Retinal Proteomics of a Mouse Model of Dystroglycanopathies Reveals Molecular Alterations in Photoreceptors

Mutations in the POMT1 gene, encoding a protein O-mannosyltransferase essential for α-dystroglycan (α-DG) glycosylation, are frequently observed in a group of rare congenital muscular dystrophies, collectively known as dystroglycanopathies. However, it is hitherto unclear whether the effects seen in affected patients can be fully ascribed to α-DG hypoglycosylation. To study this, here we used comparative mass spectrometry-based proteomics and immunofluorescence microscopy and investigated the changes in the retina of mice in which Pomt1 is specifically knocked out in photoreceptor cells. Our results demonstrate significant proteomic changes and associated structural alteration in photoreceptor cells of Pomt1 cKO mice. In addition to the effects related to impaired α-DG O-mannosylation, we observed morphological alterations in the outer segment that are associated with dysregulation of a relatively understudied POMT1 substrate (KIAA1549), BBSome proteins, and retinal stress markers. In conclusion, our study provides new hypotheses to explain the phenotypic changes that are observed in the retina of patients with dystroglycanopathies.

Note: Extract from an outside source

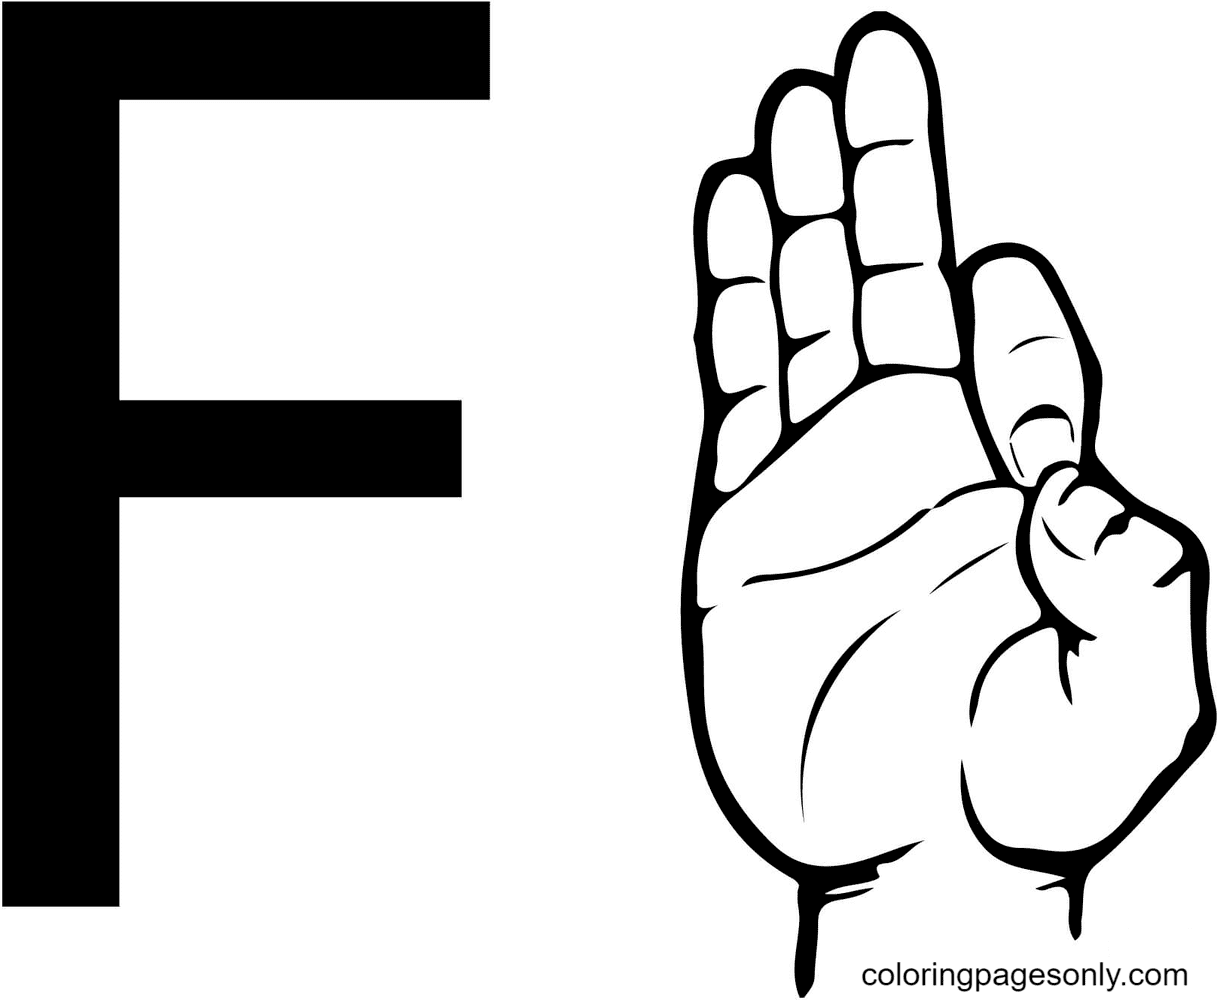 ASL Sign Language Letter F Coloring Pages
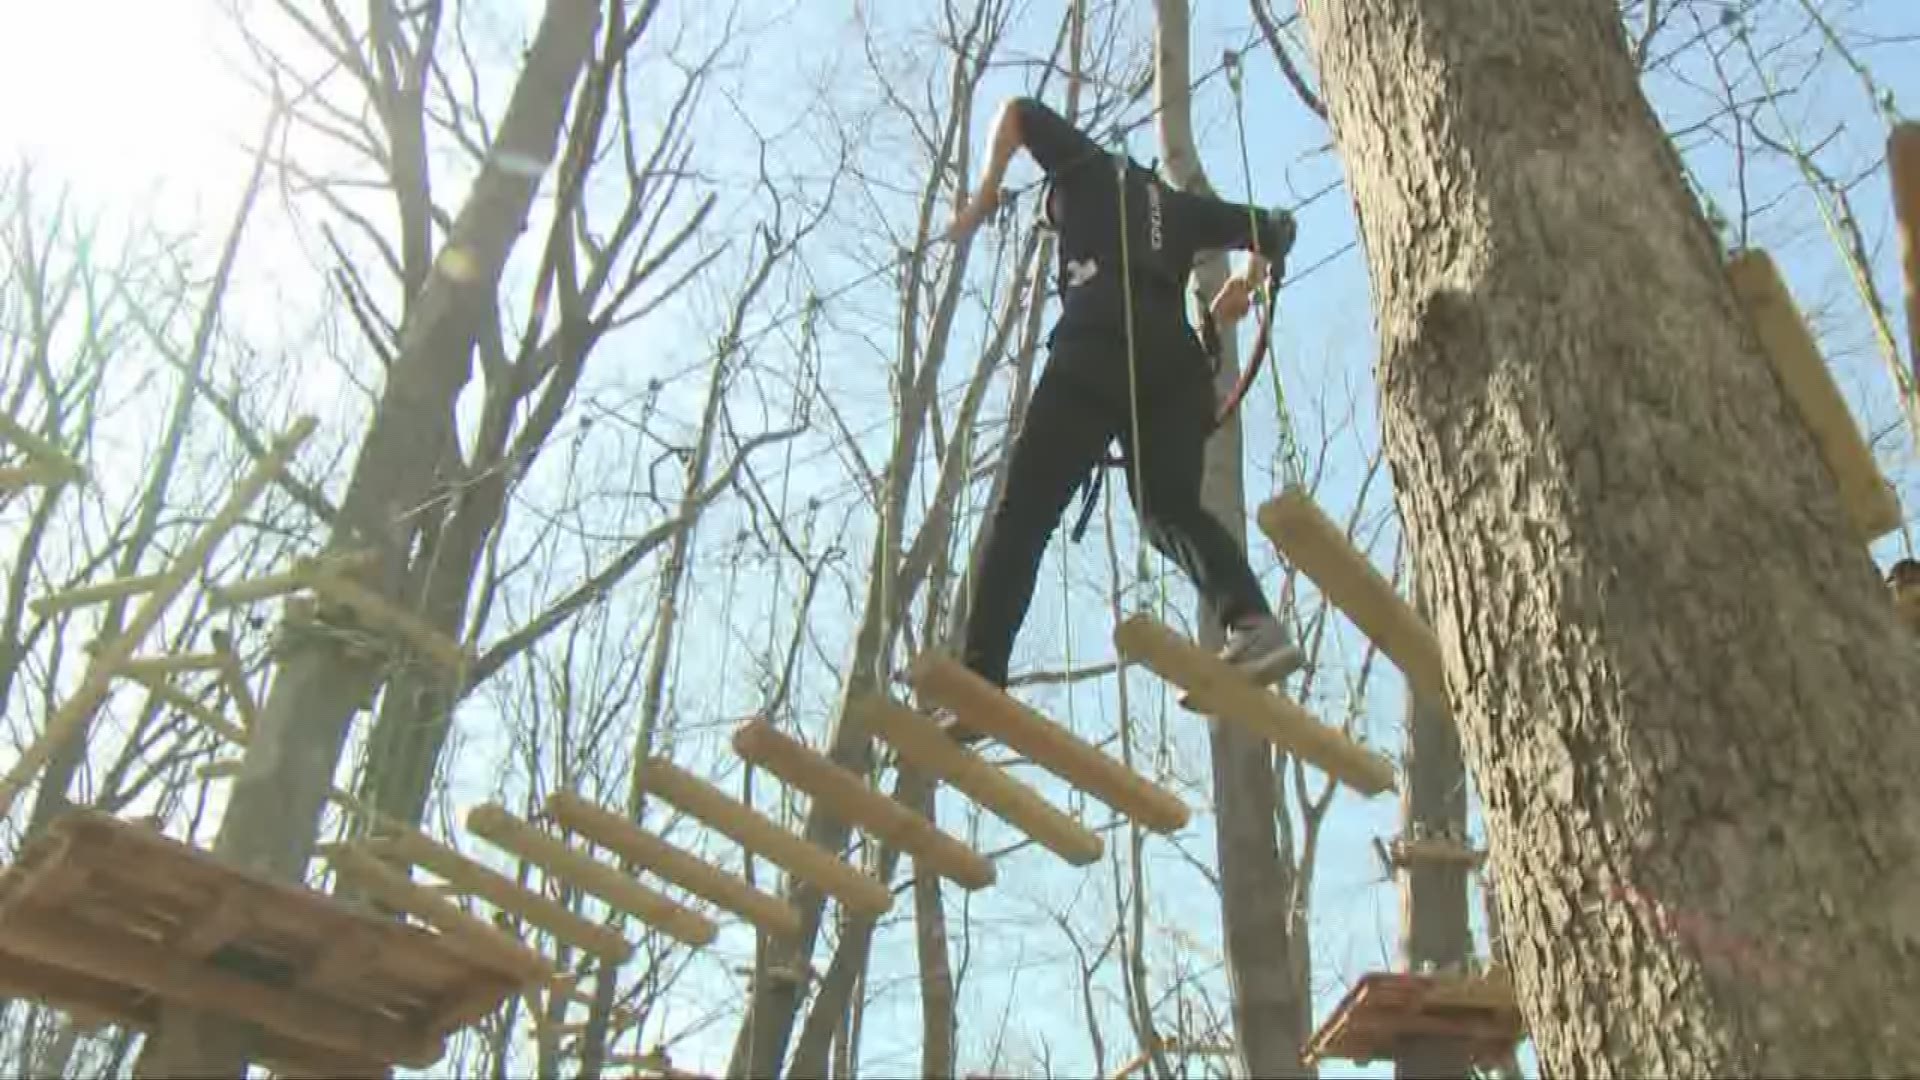 May 4, 2018: WKYC's Austin Love had some fun this week checking out the all-new Lake Erie Canopy Tours at Geneva-on-the-Lake.

编码对α-肌营养不良蛋白聚糖（α-dystroglycan，α-DG）糖基化至关重要的蛋白O-甘露糖基转移酶（protein O-mannosyltransferase）的POMT1基因突变，常见于一组统称为肌营养不良蛋白聚糖病（dystroglycanopathies）的罕见先天性肌营养不良症中。然而，截至目前仍不清楚受累患者中观察到的病理效应是否可完全归因于α-DG糖基化不足。为探究该问题，本研究采用基于质谱的比较蛋白质组学与免疫荧光显微镜技术，对光感受器细胞中Pomt1基因特异性敲除的小鼠视网膜的变化进行了分析。本研究结果显示，Pomt1条件性敲除（cKO）小鼠的光感受器细胞中存在显著的蛋白质组学改变及相关结构异常。除了与α-DG O-甘露糖基化受损相关的效应外，本研究还观察到光感受器外节的形态学改变，该改变与研究相对较少的POMT1底物KIAA1549、BBSome蛋白以及视网膜应激标志物的表达失调相关。综上，本研究为解释肌营养不良蛋白聚糖病患者视网膜中观察到的表型改变提供了全新的假说。